The displacement and acceleration columns should not be imported into mpg. Display the first 10 rows in mpg to verify the import worked correctly.

In [6]:

columns = ['mpg', 'cylinders', 'displacement', 'horsepower', 'weight', 'acceleration', 'model_year', 'origin', 'name']
keep = ['mpg', 'cylinders', 'horsepower', 'weight', 'model_year', 'origin', 'name']
mpg = pd.read_csv('mpg.txt', names=columns, usecols=keep, delimiter="|")
mpg.head(n=10)

Write code to add a new column named weight_tons to the DataFrame named vehicles. The values in the weight_tons column should be the values in the weight column divided by 2000.

Display the first 5 values in the weight_tons column after adding the column.

In [10]:

vehicles['weight_tons'] = vehicles['weight'].map(lambda w: w/2000)
vehicles['weight_tons'][:5]

This question uses the DataFrame named taxis. Write a statement in the cell below that creates and displays a DataFrame named mean_by_borough containing the average values for the fare and distance traveled for each value of the pickup_borough column.

In [23]:

grouped_by_pickup = taxis.groupby('pickup_borough')
mean_by_borough = grouped_by_pickup[['fare', 'distance']].mean()
mean_by_borough

Determine the most common combination of pickup_borough and dropoff_borough for which pickup_borough and dropoff_borough are not the same.

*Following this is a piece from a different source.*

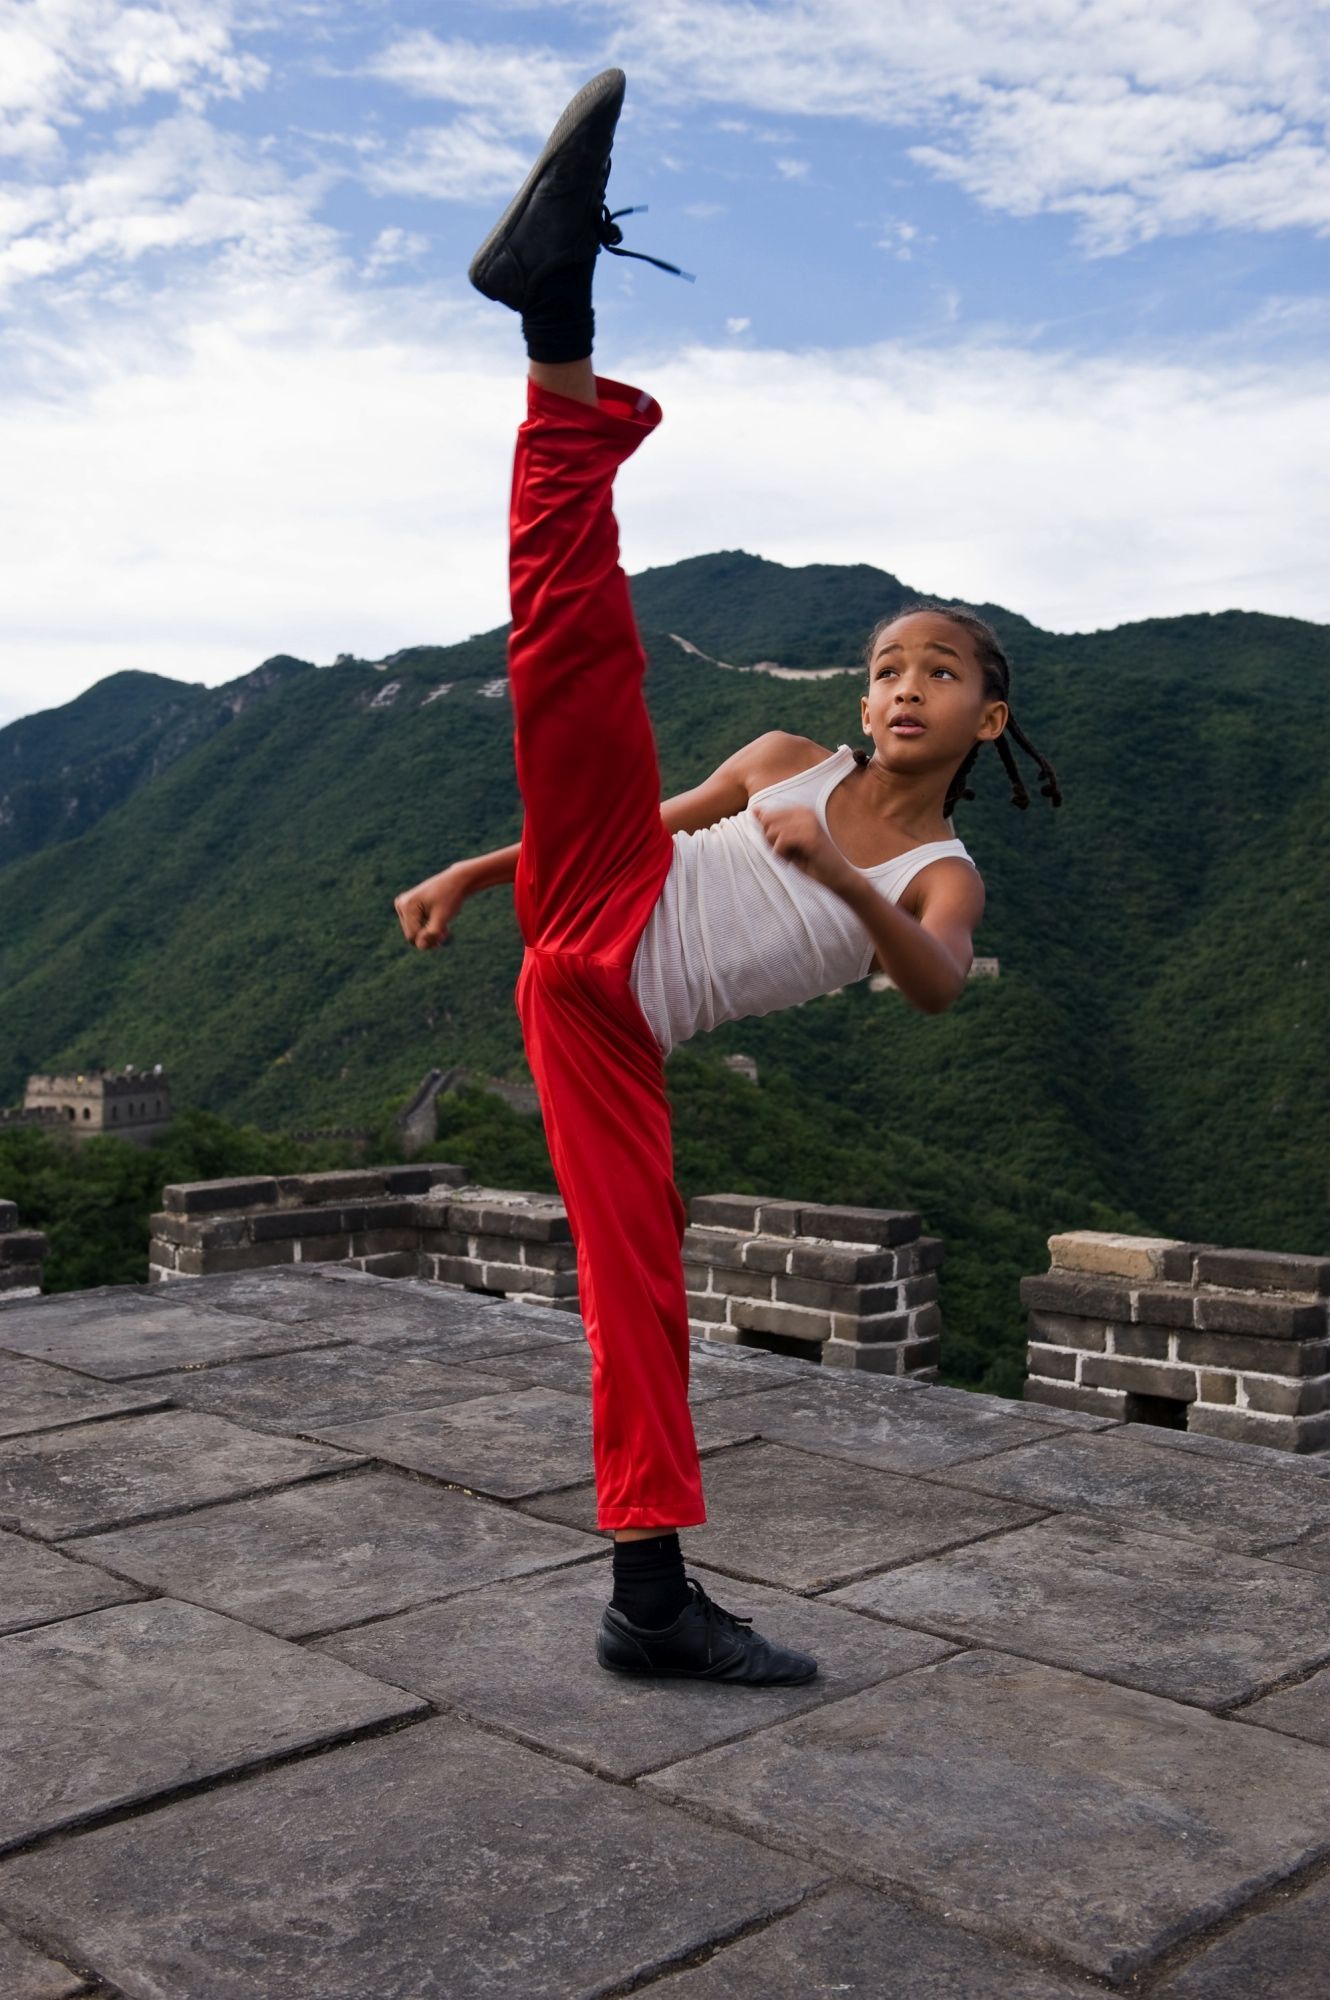 Jaden Smith in the Karate Kid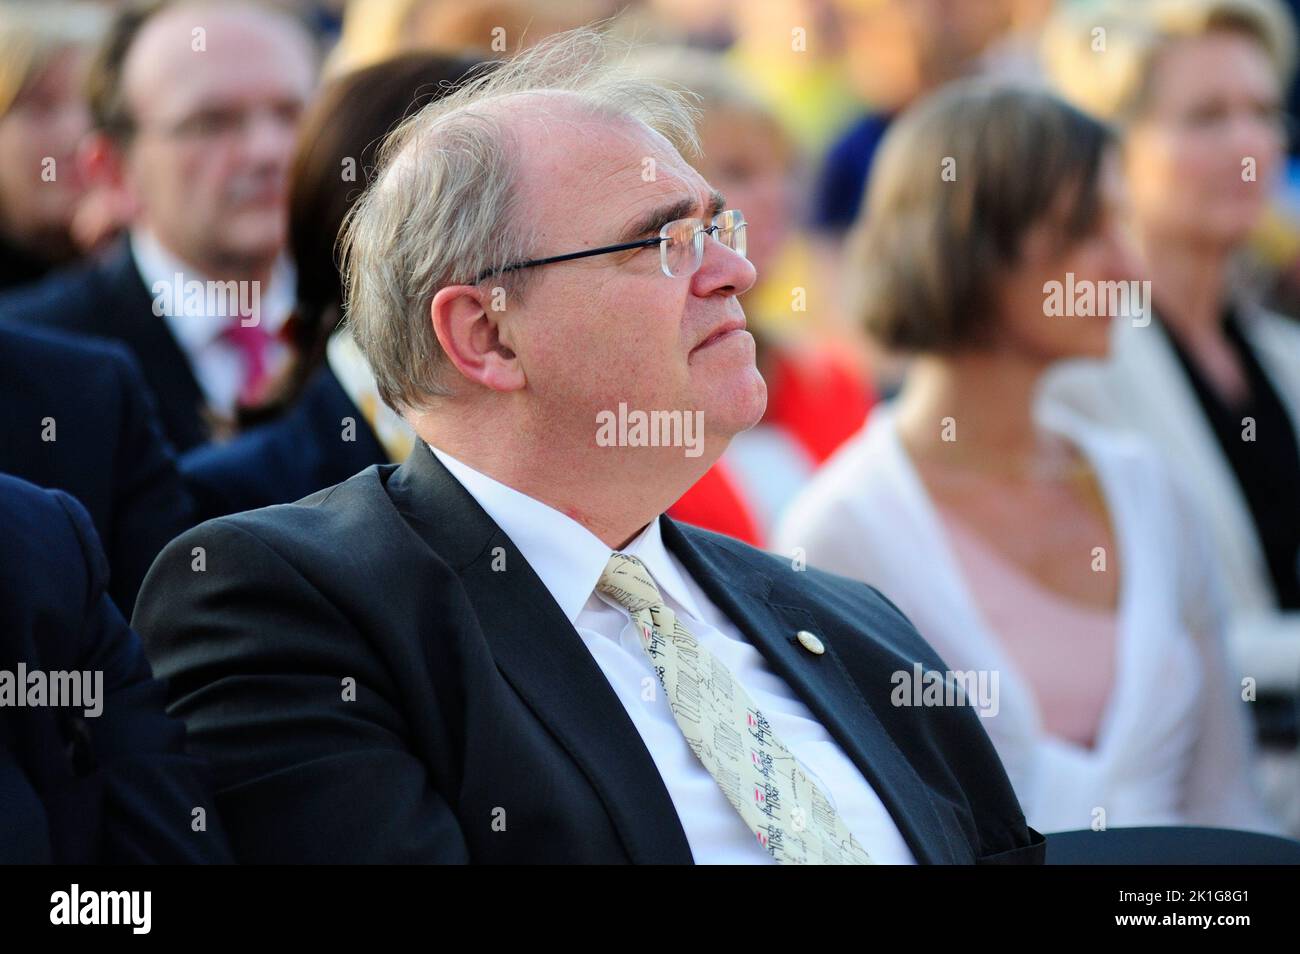 Viena, Austria. 08 de mayo de 2015. Wolfgang Brandstetter, Ministro de Justicia del Gobierno Federal de Austria de 2013 a 2017 Foto de stock

For that combination only, determine the number of fares and the amount of revenue generated. Revenue is defined as the sum of the values in the total column.

The output should be:

The most common trip was from Queens to Manhattan, with 224 trips generating $11,436.66 of revenue.

In [18]:

different_dropoff = taxis[taxis['pickup_borough'] != taxis['dropoff_borough']]
grouped_by_pickup_dropoff = different_dropoff.groupby(['pickup_borough', 'dropoff_borough'])['fare'].count()
(pickup, dropoff) = grouped_by_pickup_dropoff.sort_values().index[-1]
mask = (taxis['pickup_borough'] == pickup) & (taxis['dropoff_borough'] == dropoff)
trips = taxis[mask]
revenue = taxis[mask]['total'].sum()
num_trips = trips.shape[0]
print(f"The most common trip was from {pickup} to {dropoff}, with {num_trips:,} trips generating ${revenue:,.2f} of revenue.")